Re: [NTLK] Developer Soup question

From: Will Hartung (willh_at_msoft.com)
Date: Thu Apr 29 2004 - 11:47:51 PDT


> From: "Paul Guyot" <pguyot_at_kallisys.net>
> Sent: Thursday, April 29, 2004 8:24 AM

> Aux environs du 28/04/04 à 11:44 -0700, sous le titre "[NTLK]
> Developer Soup question", Will Hartung prit sa plus belle plume pour
> écrire les mots suivants:
> >What do you think of Soups? Do you like them?
>
> Yes.
>
> >Favorite feature?
>
> Union soups.
> Complex queries.

Like what? They seemed to be mostly ranged queries (from the documentation),
i.e. frames with 'slot A </<= B </<= C. I saw the technique to pass a
function in to do arbitrary selection (though obiviously it was scanning
each frame). I guess you can just heap on the conditions to a query, and it
will "figure it out" "Give me all entries between these dates that contain
the word 'Bob'".

How does the Newton deal with dates?

> >Is the ability to simply store an arbitrary frame in a soup valuable
> >compared to having to set up a schema?
>
> One doesn't have to update the schema whenever a new class of data is
> added. This is a key feature of the NewtApp framework (one can extend
> any NewtApp application with new stationeries).
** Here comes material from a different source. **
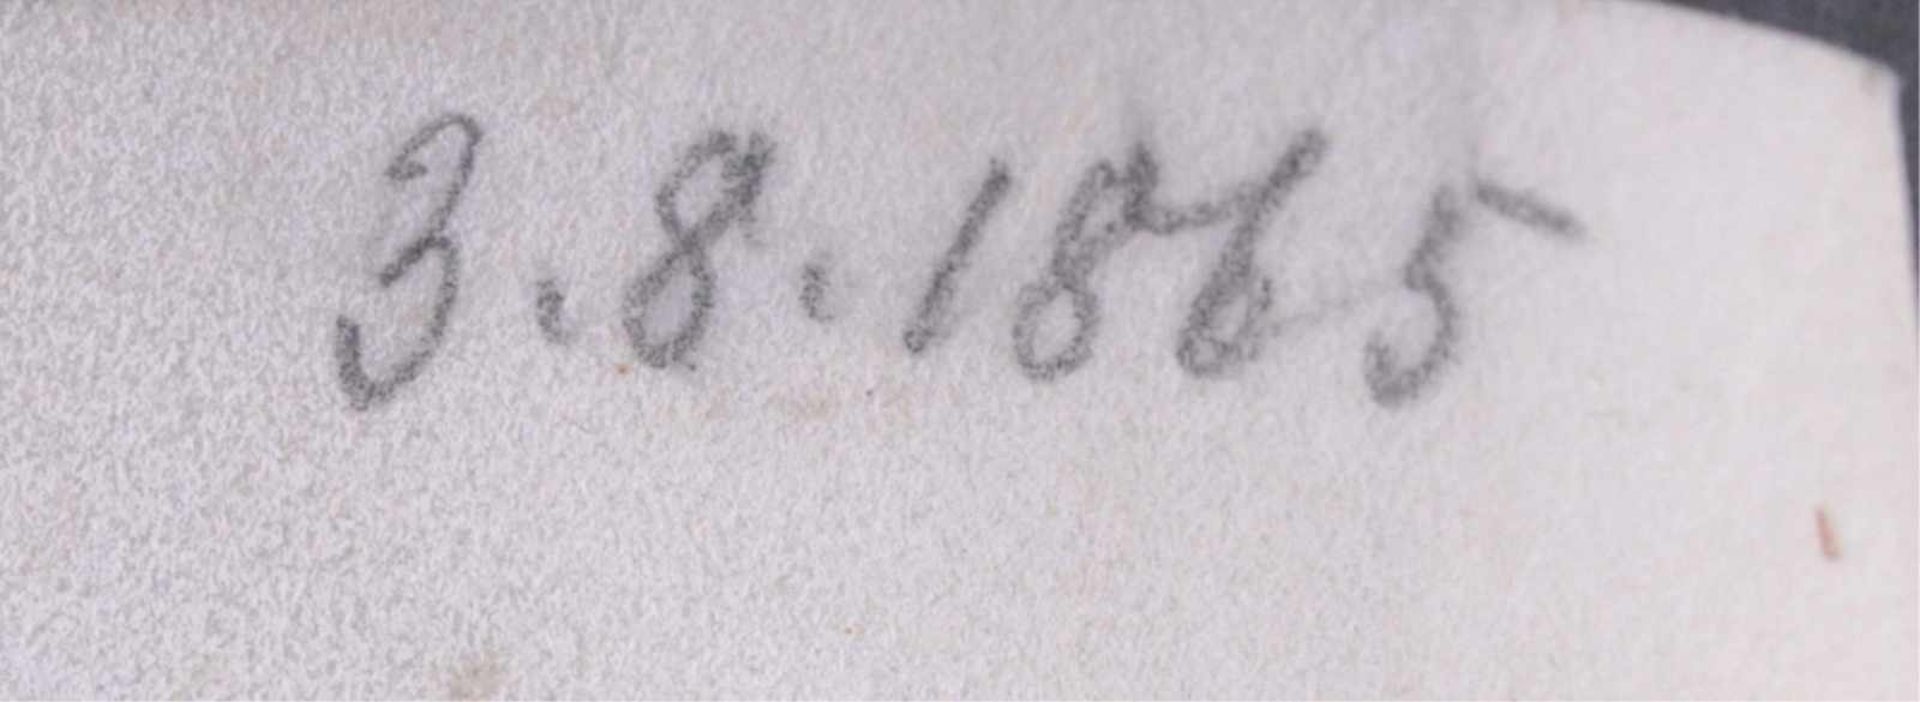 Promotionsurkunde "Summis Auspiicis" 1865, WienHandgemalte Urkunde mit diversen Autographen. - Bild 3 aus 6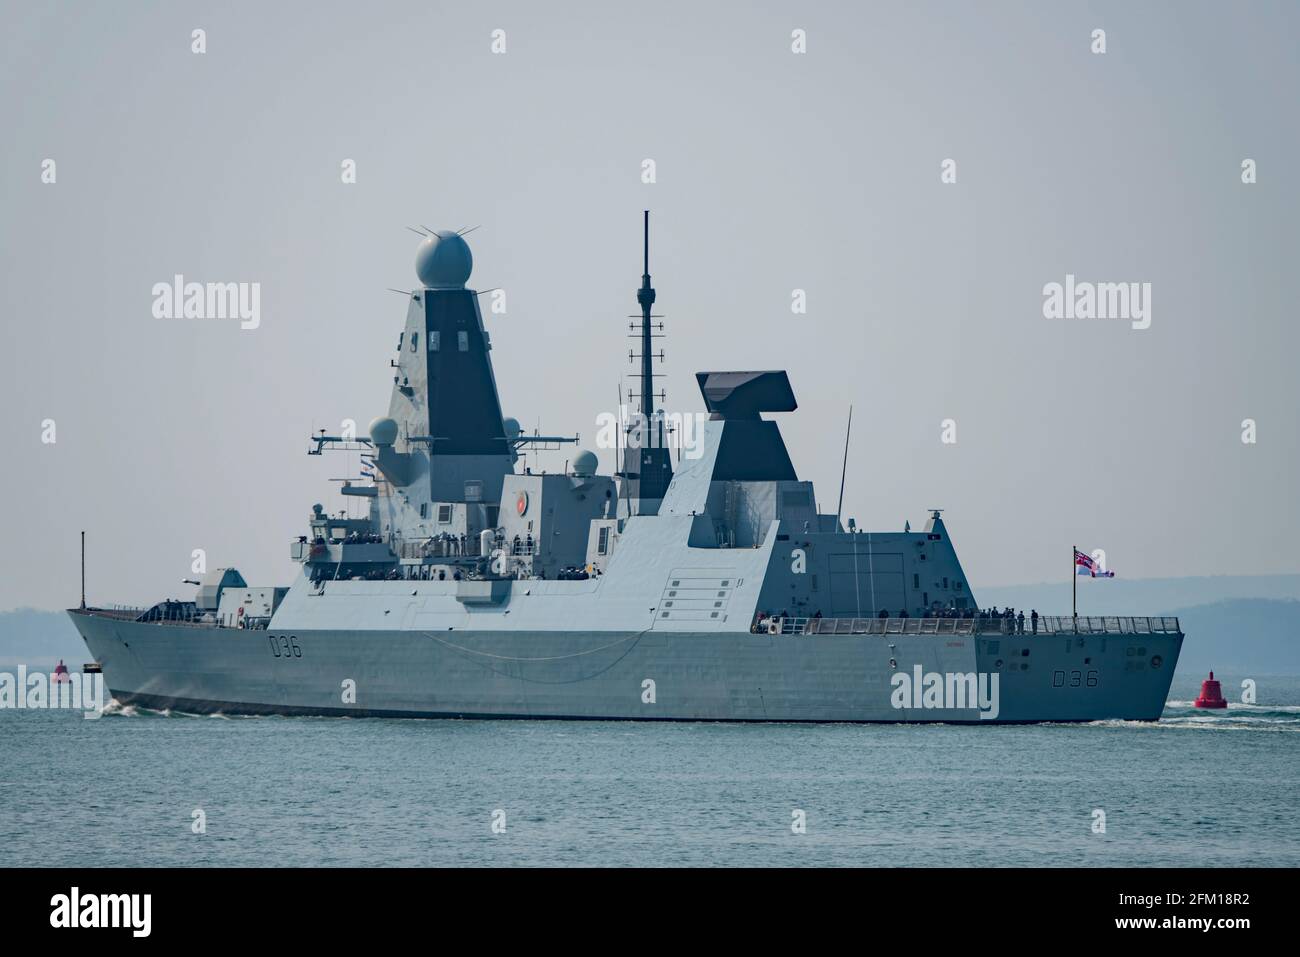 Le destructeur HMS Defender de type 45 de la Royal Navy a quitté Portsmouth (Royaume-Uni) le 1/5/2021 dans le cadre du Carrier Strike Group du Royaume-Uni déployé dans l'Indo-Pacifique. Banque D'Images

This seems key to the integration of the system, IMHO. Stand alone this is
no big deal. But start adding arbitrary applications, and this seems to be
very important.

> >Are managing "inter soup" aliases a
> >problem?
>
> No. Plus we can have N-N relations.

How do you do N-N relations?

> >At a glance, Soups seems to give a flexible ISAM storage system, without
> >having to worry about table definitions etc, but not quite making the
leap
> >to being an "OODB", notably when you try and store a Frame graph of items
> >that may already be stored in a soup (which makes the system simpler).
>
> Don't forget that Newton data are not trees but DAGs.

By this you mean they can store circular structures, yes. The flatten the
graph before they store it.

The key distinction here is in the "classic" OODB, each Frame is unique. In
Soups, only the "parent" stored Frame is unique, and any embedded Frames (or
Entries) are copied into the Soup, rather than shared.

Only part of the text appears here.